In the autumn of ’82 there had been a great deal of speculation in my class about what had really happened. Matte had killed someone, Matte had gone completely crazy and was in some loony bin. After Christmas he was as good as forgotten. Life went on. I suppose I thought about him from time to time because I was the person who’d been closest to him, as far as it was possible to be close to someone like Matte. But even I forgot about him. As you do, I told myself.

And yet my conscience was pricking me. Not because of what I did or didn’t do when we were thirteen, but because I hadn’t thought about him. So I said, ‘Yes, OK. When and where?’

‘Can you come over here tomorrow? To my place?’

‘Where do you live?’

He gave me the address of an apartment in Råcksta.
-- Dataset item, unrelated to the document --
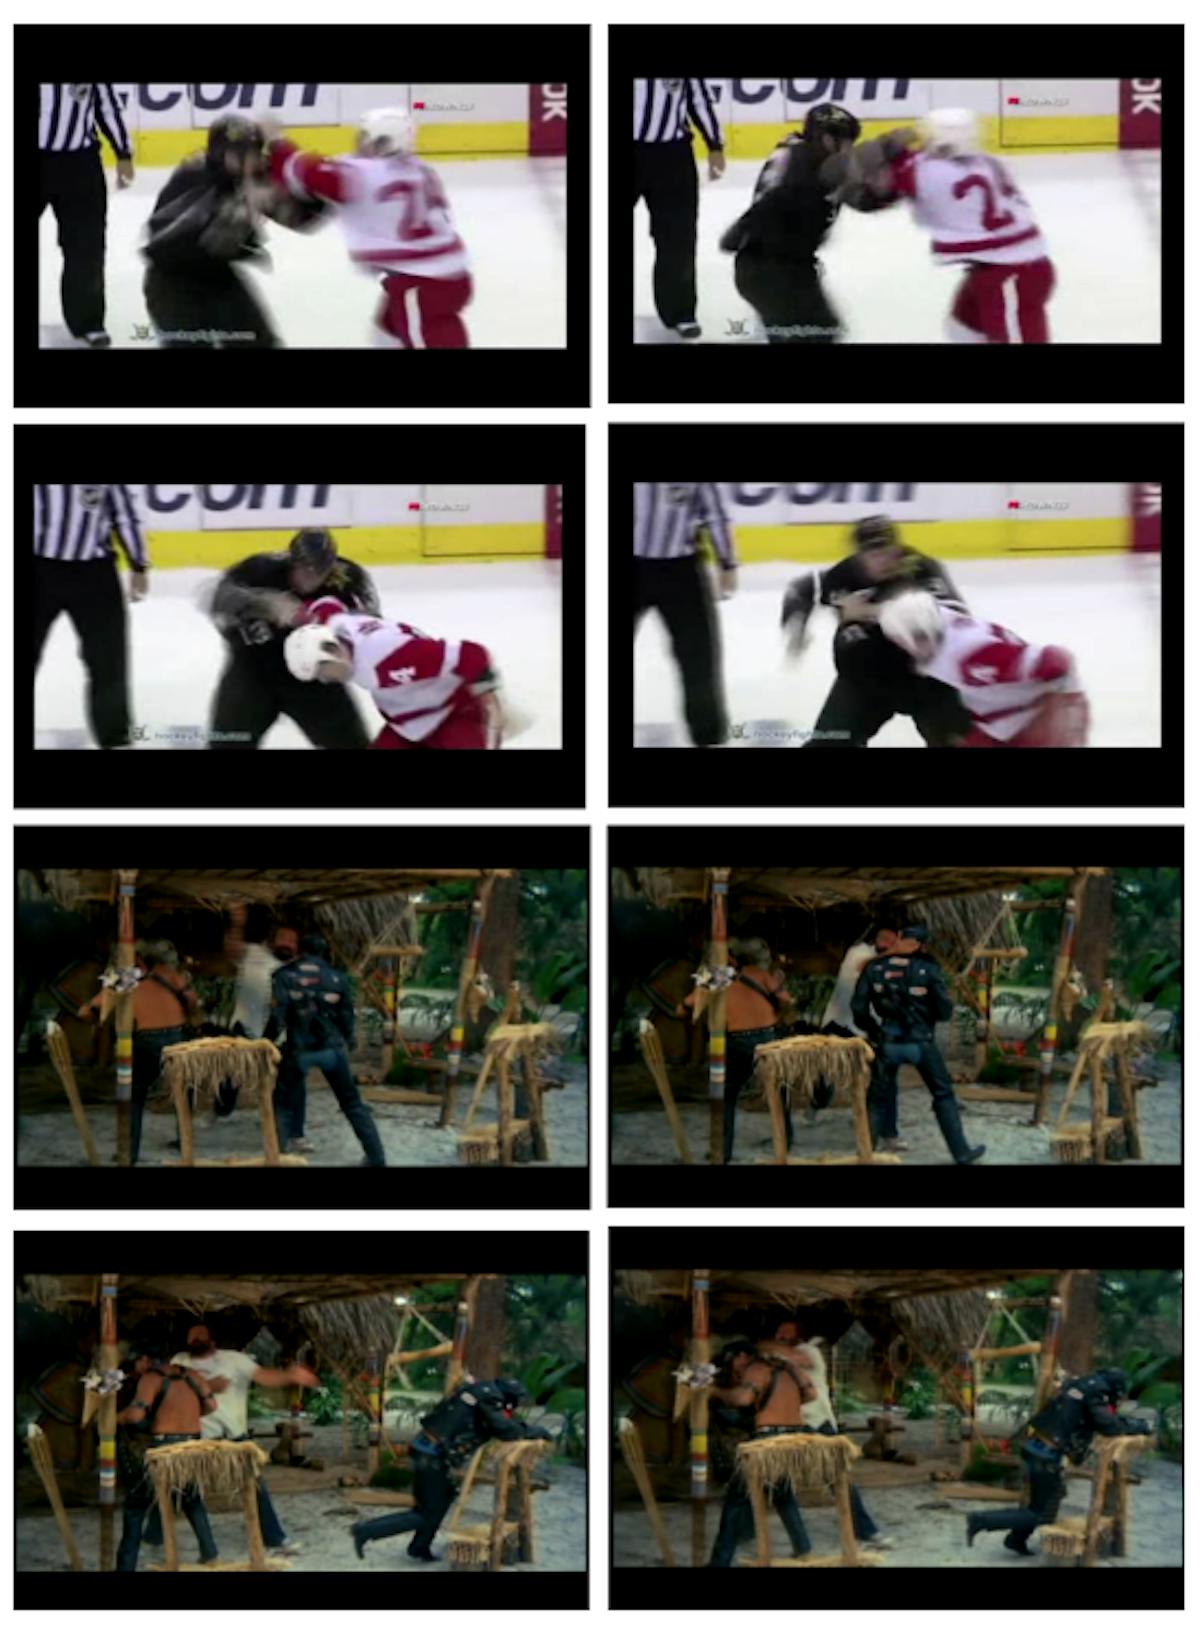 Şekil 4.1: Hokey (üstte) ve aksiyon filmi (altta) veri kümelerindeki dövüş videolarından örnek kareler.

I immediately thought it must be something the hospital had organised for him, and it turned out I was right.

It was exactly twenty past nine, and I would only be missing the title sequence. But before I managed to hang up, Matte asked, ‘Listen, have you still got the class photo?’

‘Which one?’

‘The last one. Year 6.’

‘I don’t know. Maybe.’

‘Could you have a look and bring it with you? It’s important.’

‘OK.’

We said goodbye and hung up.

David and Claire were smoking hash, Nate was due to have an operation and I couldn’t stop thinking about the class photo. Firstly, where was it, and did I actually still have it? And secondly, what was special about it?

As soon as the program was over I went down into the cellar and started rummaging through the archive of my life: three banana boxes full of photos, letters, magazines, tapes and all the other stuff you end up collecting if you’re that type, which I am.

I got hung up for a while on a concert program from Depeche Mode’s Black Celebration tour. Page after page of meaningless icons that I’d copied into my school books. A picture of Martin Gore, who’d been my role model. If only I’d had curly hair. But that was around 1985–86. I burrowed deeper.